A quick summer reading update:
I suspect that many of you would enjoy Richard C. Morais' The Hundred-Foot Journey which follows a young boy from bustling Mumbai to rural France (with a short stop in London) and thence to Paris. Not only does it offer the delights of armchair travel and entertaining characters, but it folds in the sensory pleasures of the culinary world as we follow the central character's climb to the top of the toughly critiqued Paris restaurant scene. My mouth watered as the pages described the lively, colourful, brilliantly spiced Indian food woven into a compelling multi-generational story of rags, riches, political violence, loss, and survival. And again, as the family adapts to life in rural France, a different set of foods seduced me as I visited the local markets with one or the other partner in a hilarious rivalry between old-school, xenophobic culinary French tradition and an upstart immigrant who hopes to transform the landscape with an injection from another continent.

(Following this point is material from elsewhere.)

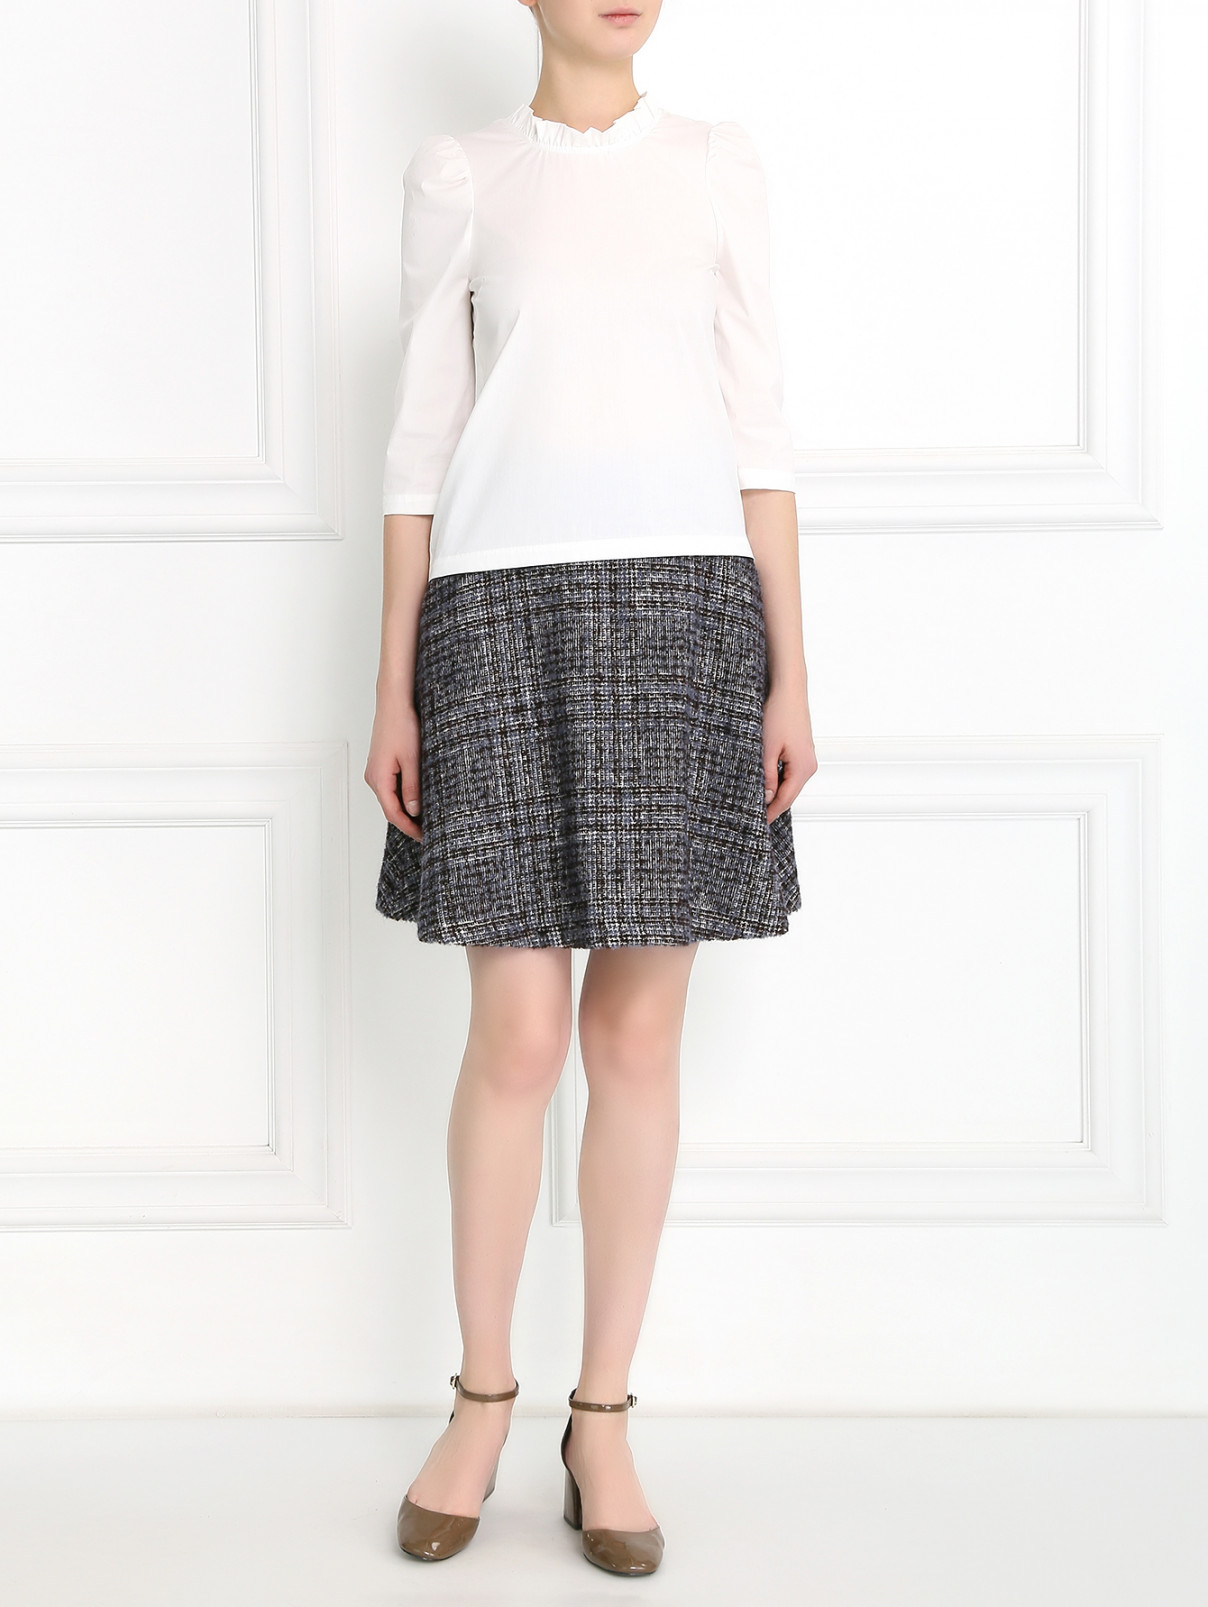 Блуза из хлопка с рукавом 3/4 L'Autre Chose  –  Модель Общий вид  – Цвет:  Белый

Morais also includes some illuminating narrative commentary on the pressures restaurants face in these days of globalized capital, and he clearly reveals his biases against some of the labour code protections that seem to work against restaurant owners. Caught up in the narrative, entertained by its characters, engulfed in its ambiance, I couldn't help but be sympathetic to some of the argument, yet having family in the industry, I'm much more appreciative than Morais seems to be, in these pages, to the value of job protection, a decent wage, etc. In fact, reading this immediately after Eva Hornung's Dog Boy, I wondered how I could reconcile such different worldviews. . .
In the end, I suppose the way I manage is by not so much reconciling these different paradigms, but identifying the elements I'm not comfortable with and enjoying the rest of Morais' book. Is that a copout? Perhaps, but I will readily admit that I enjoyed the novel very much, and I suspect you will too. Let me know, will you?